Robert Lindsay (pictured) plays veteran comedian Archie Rice - a part immortalised by Laurence Olivier - in the 50th anniversary revival of John Osborne’s The Entertainer, which opened last night (Wednesday 7 March 2007, previews from 23 February) at the Old Vic (See News, 9 May 2006).

Best known for his TV appearances in the likes of Citizen Smith, My Family and Jericho, Lindsay’s stage credits include Me and My Girl, Oliver!, Cyrano de Bergarac, Richard III and Power (his last London stage appearance, at the National in 2003). Sean Holmes’ production also stars John Normington as Archie’s dad Billy Rice, Emma Cunniffe as his daughter Jean, David Dawson as his son Frank, and Pam Ferris as his long-suffering alcoholic wife Phoebe.

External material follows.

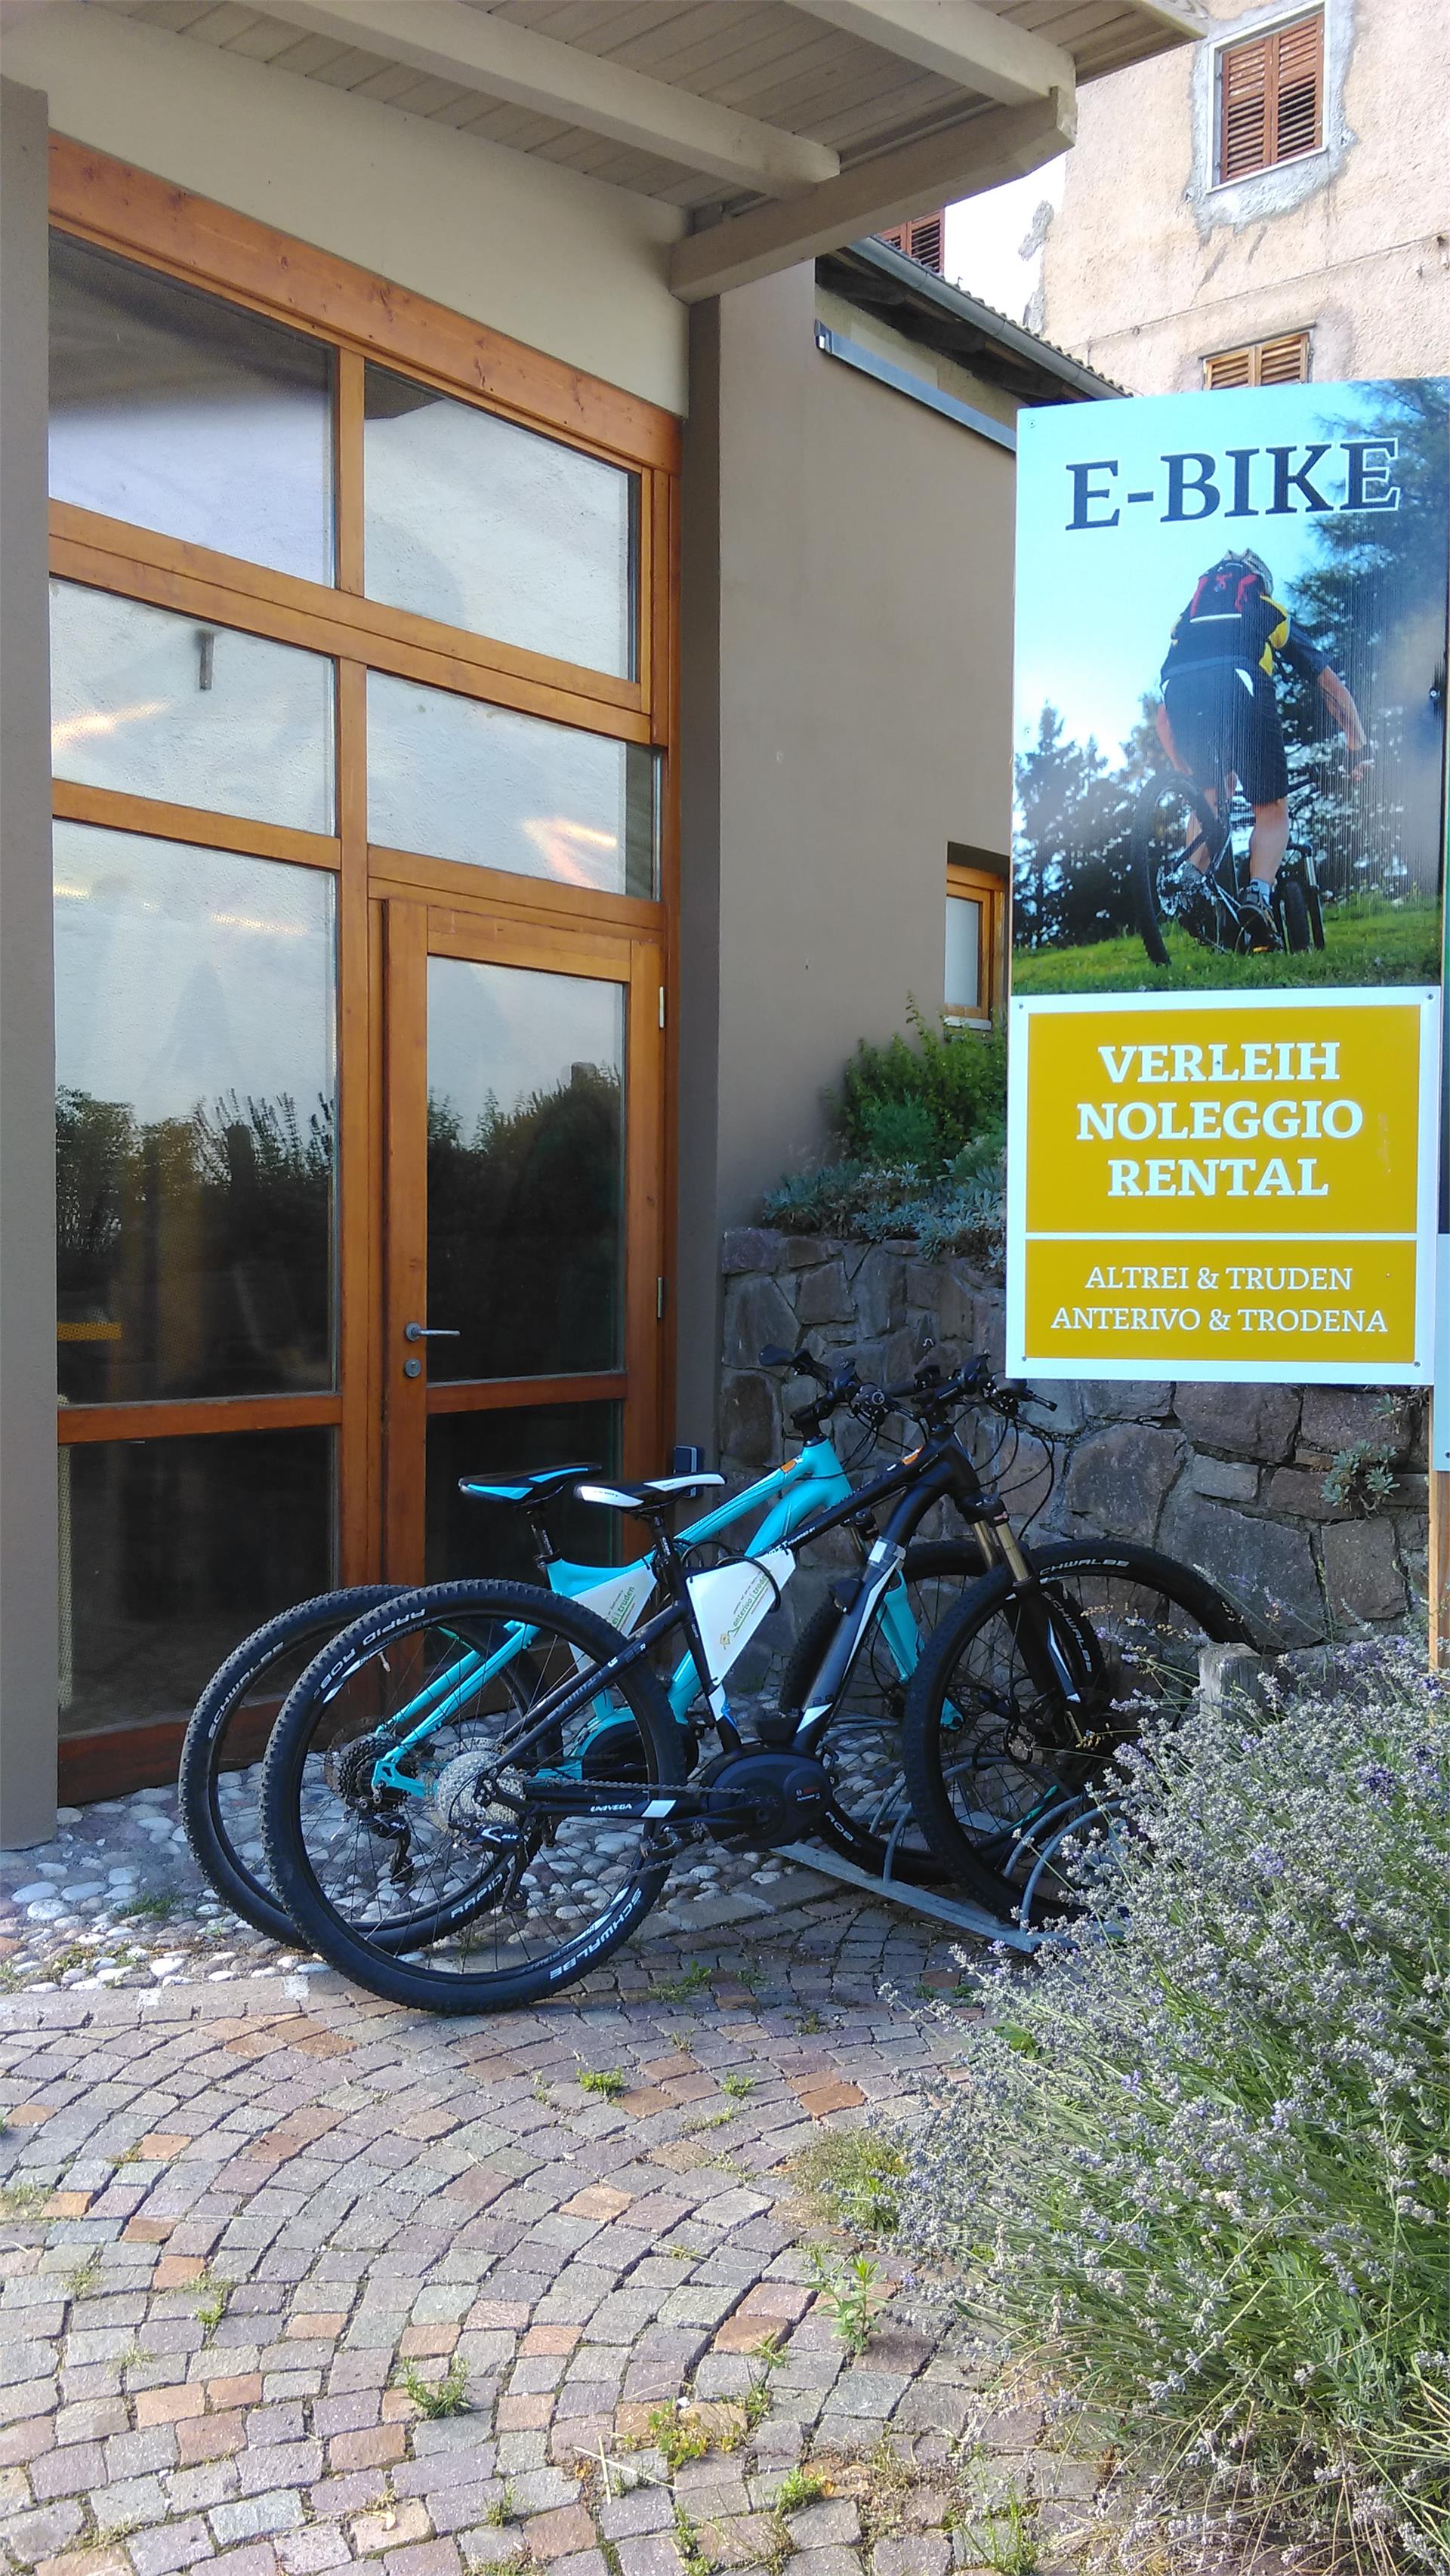 Noleggio E-Bike a Trodena e Anterivo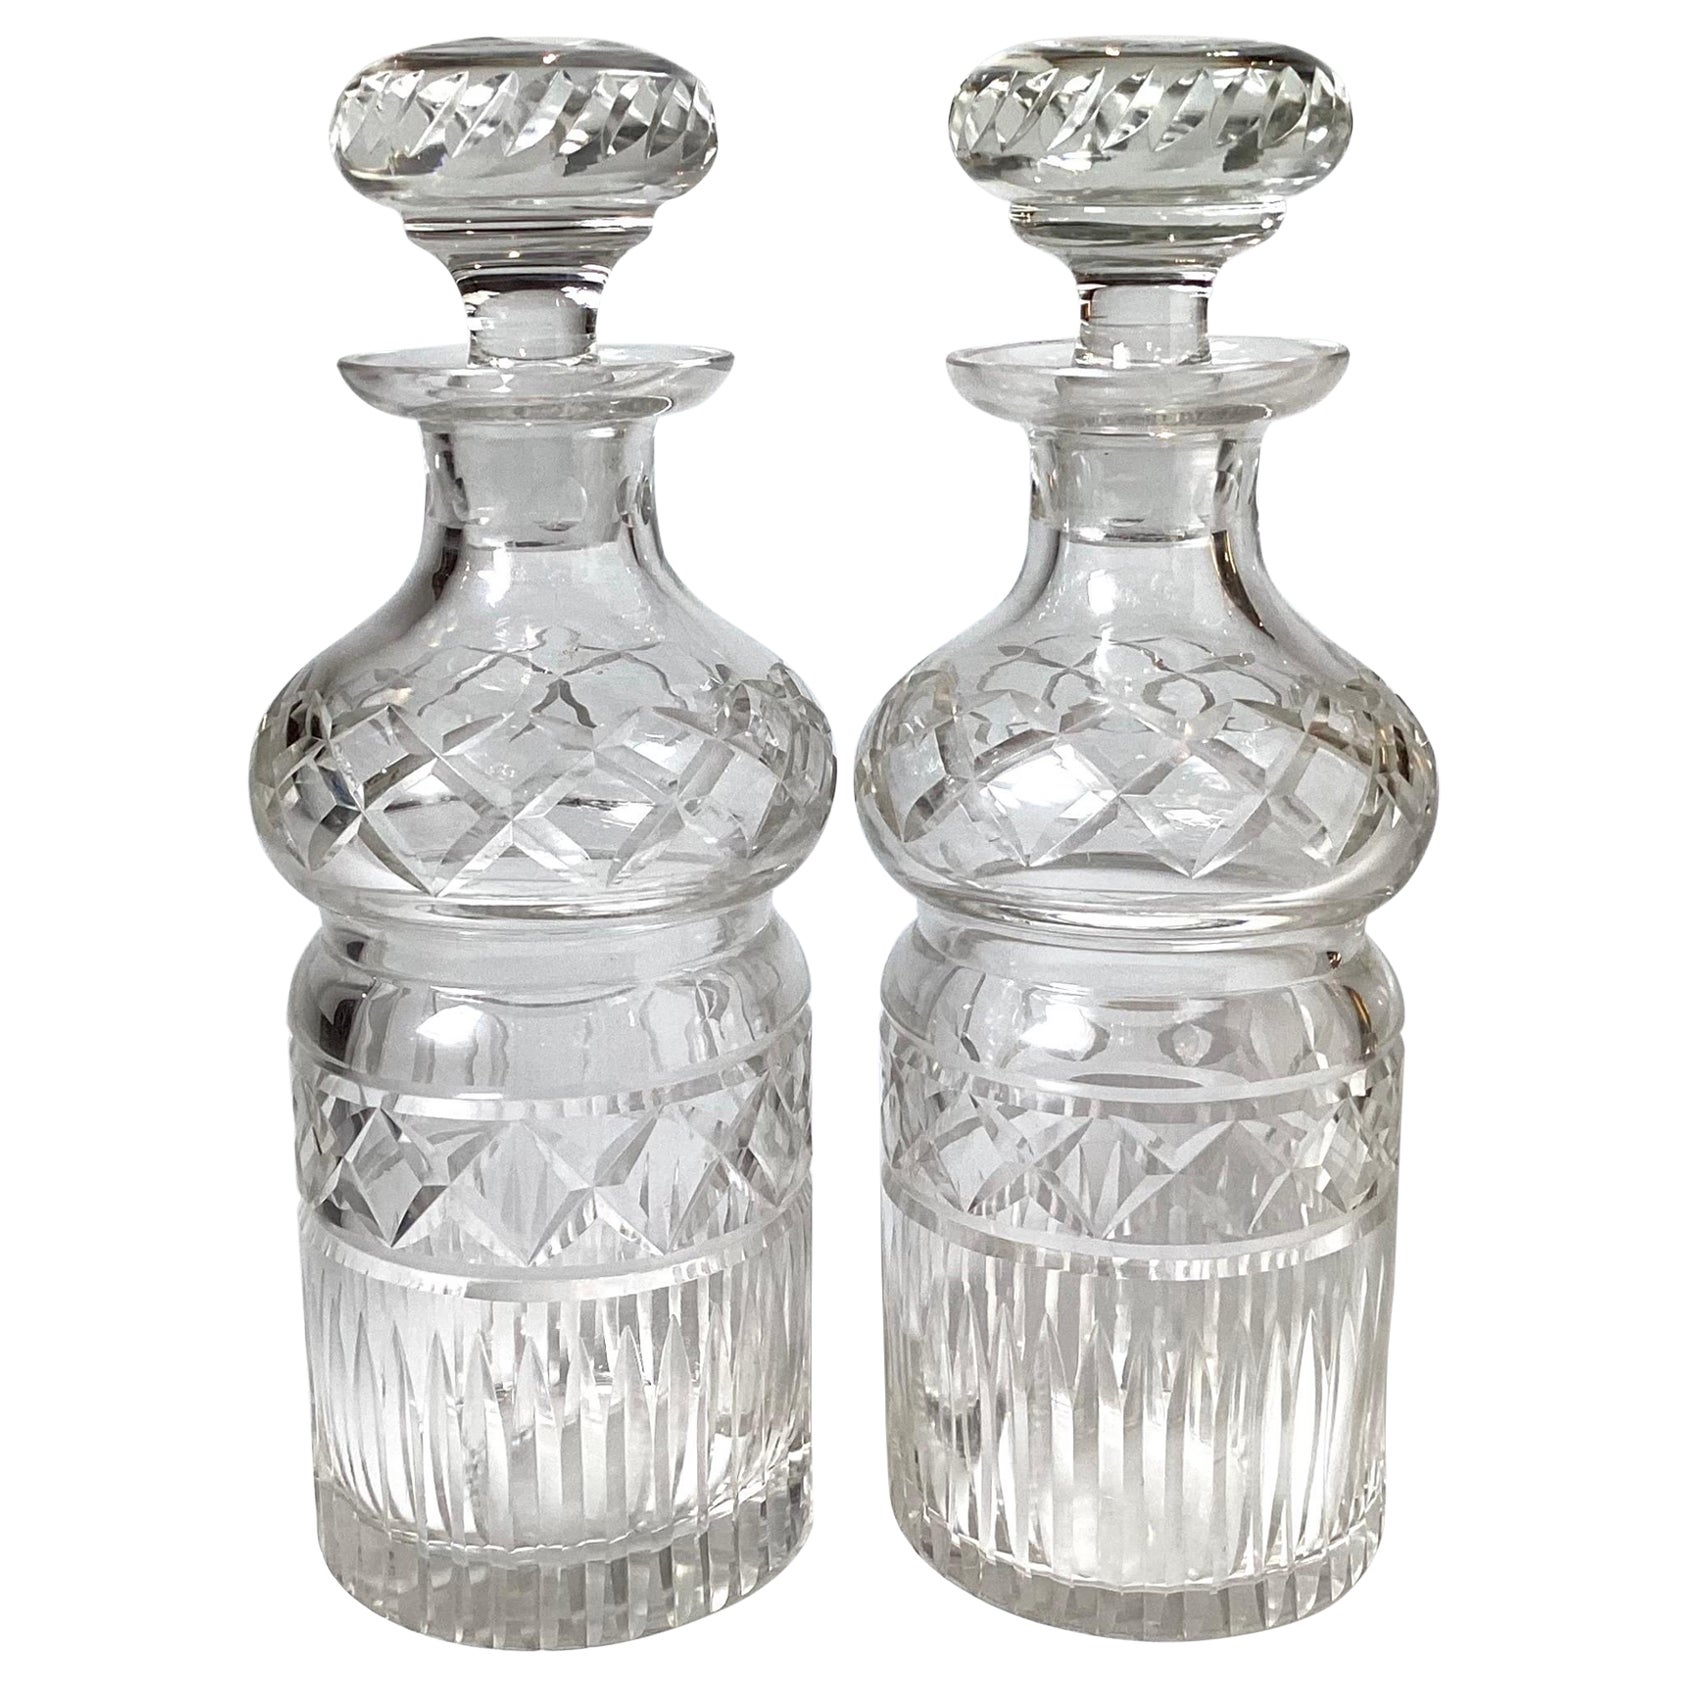 Pait of 19th Century Cut Glass Spirit Decanters

Set in the 1950s in a society on the brink of change and at war over the Suez Canal, Osborne's drama follows an embittered and struggling music hall comedian trying to keep a semblance of happiness within his dysfunctional family.

Overnight critics were hugely impressed with Lindsay’s performance in the central role, and admired the way his wittiness and bitterness both spilled over from his act into his family life. They also noted how Osborne’s play was ahead of its time, as, 50 years after it was written, the parallels between life then and life now – with war in the Middle East and families worrying about the safe return of their soldier sons – are startlingly clear.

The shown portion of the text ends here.